= Aim of the task =
Retype the data exactly, skipping any picture in it.

= Available data =

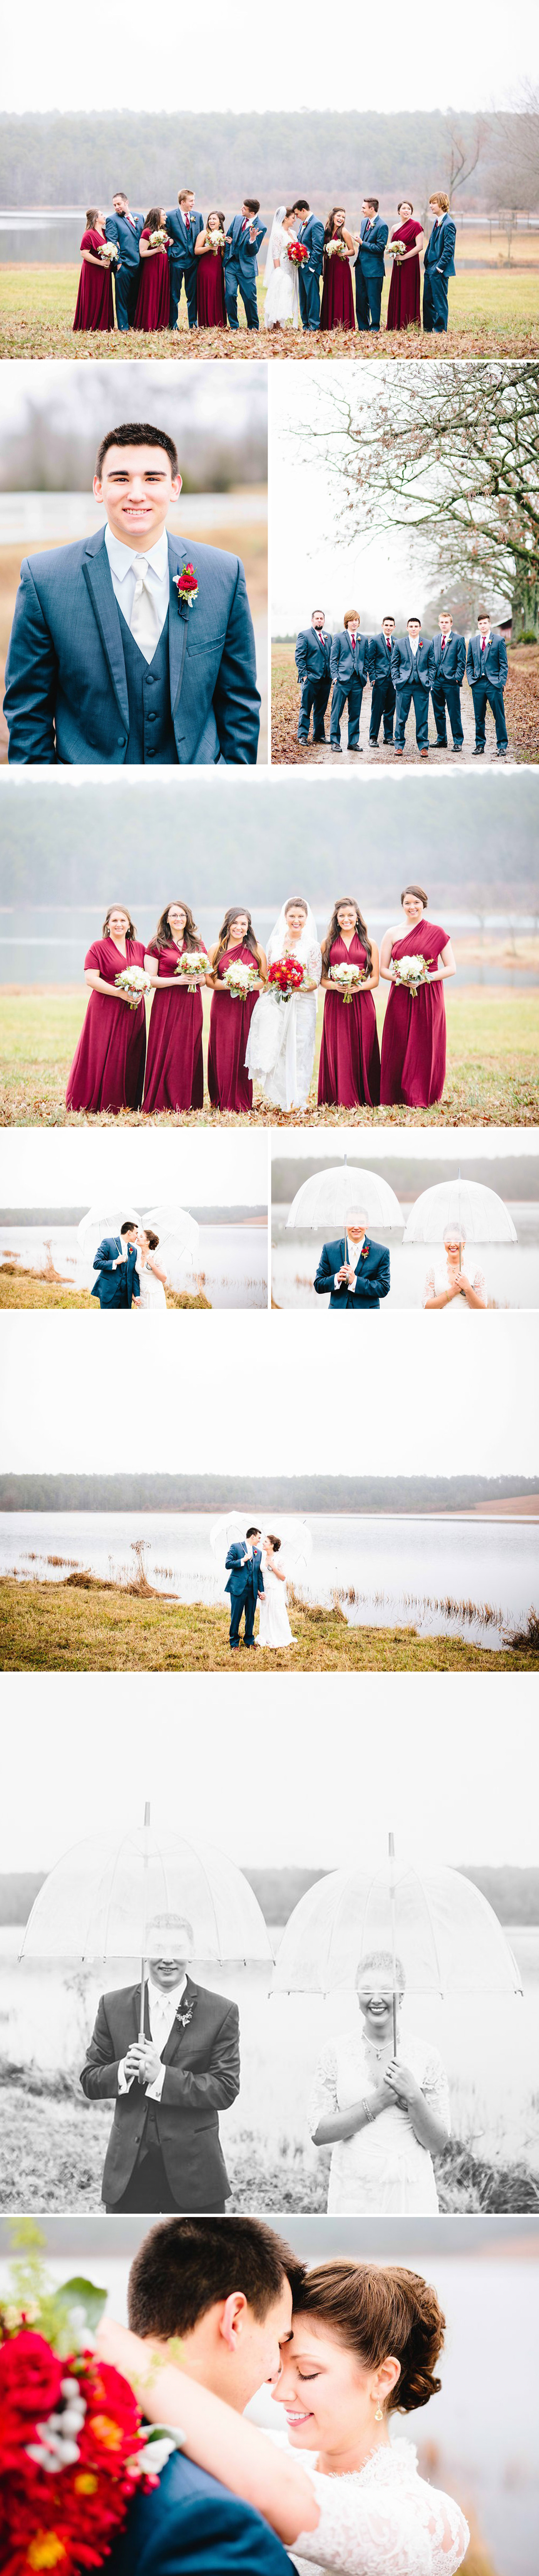 chicago-fine-art-wedding-photography-imhoff3
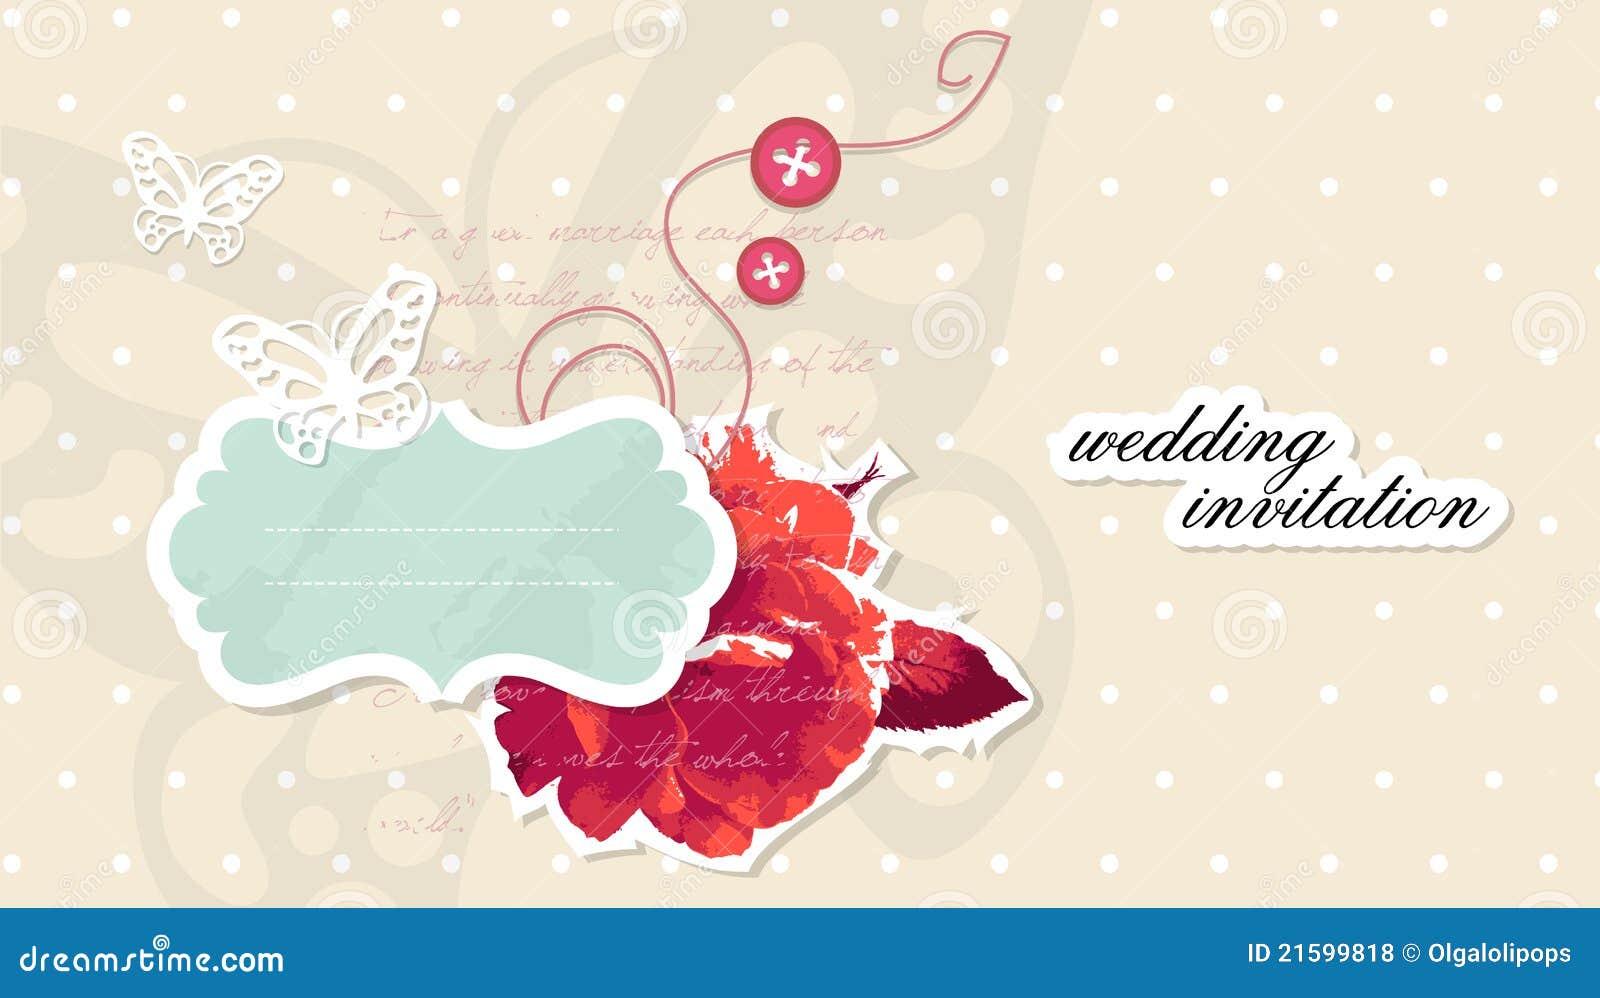 Vector Wedding Invitation Scrapbooking Card Stock Vector ...
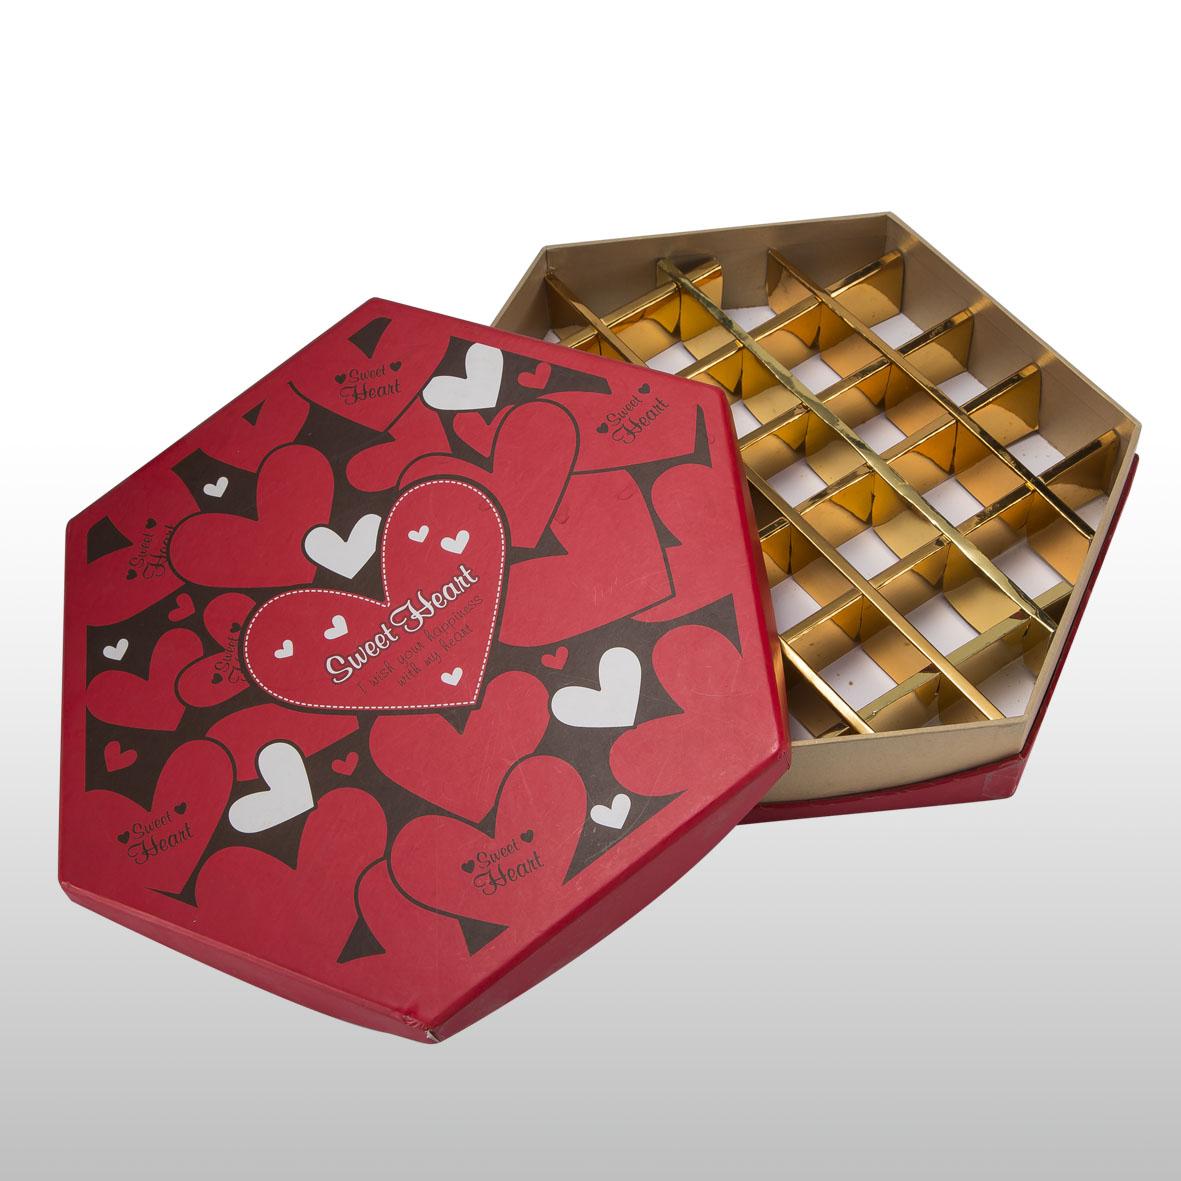 Customized Candy Cake Chocolate Jewelry Cosmetic Perfume Jewellery Cardboard Packing Paper Box Gift
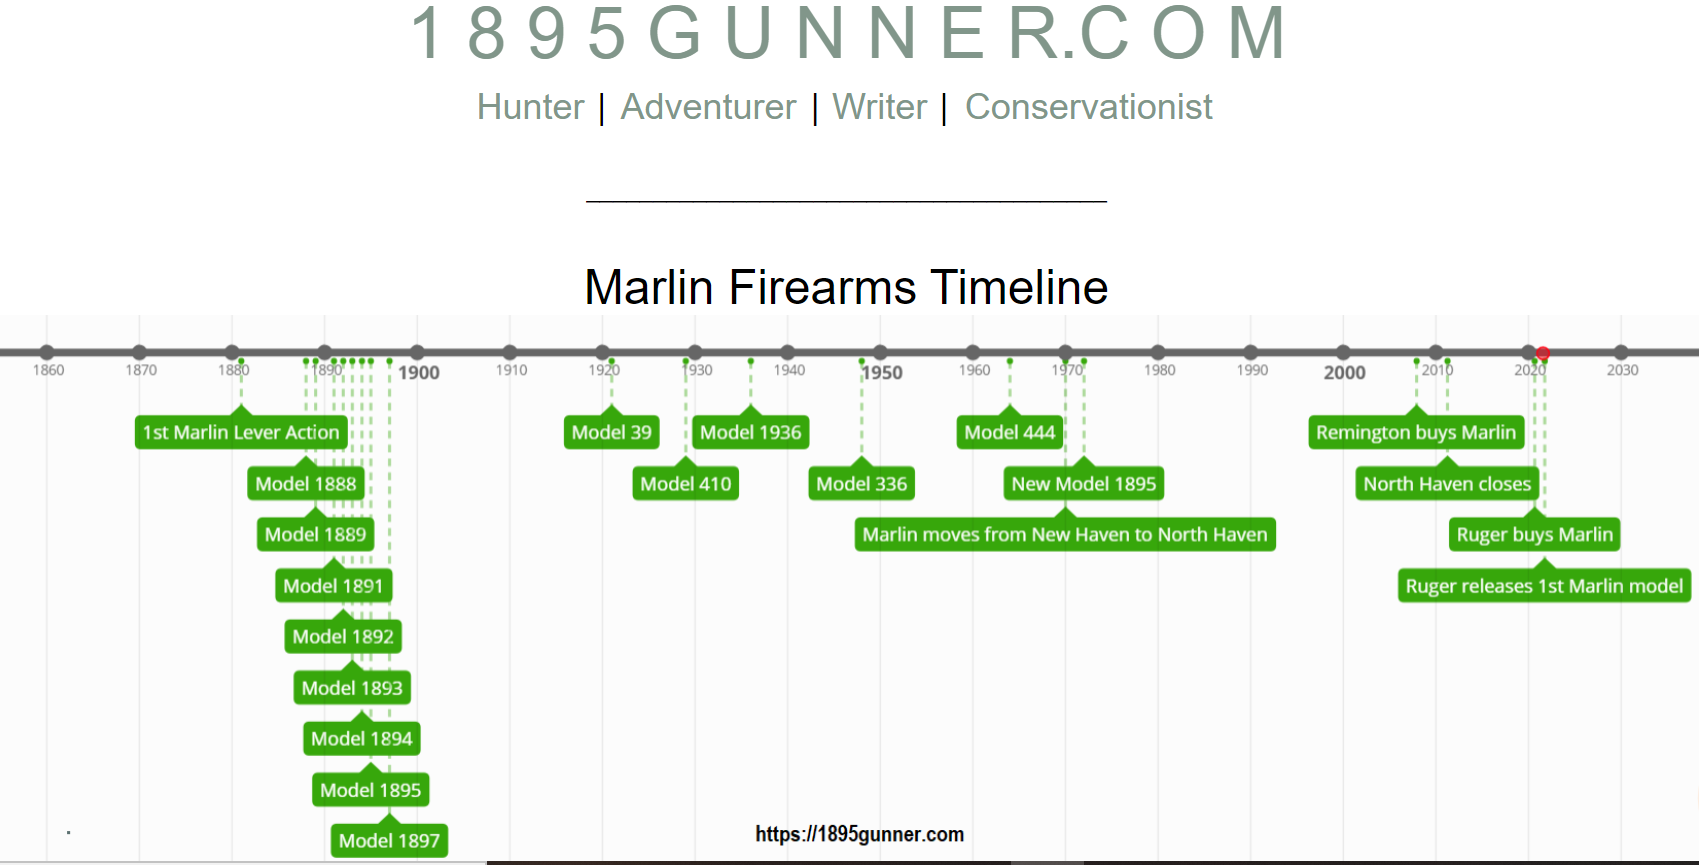 The Marlin Firearms Timeline

= Exercise answer =
 chicago-fine-art-wedding-photography-imhoff3
 Vector Wedding Invitation Scrapbooking Card Stock Vector ...
 Customized Candy Cake Chocolate Jewelry Cosmetic Perfume Jewellery Cardboard Packing Paper Box Gift
 The Marlin Firearms Timeline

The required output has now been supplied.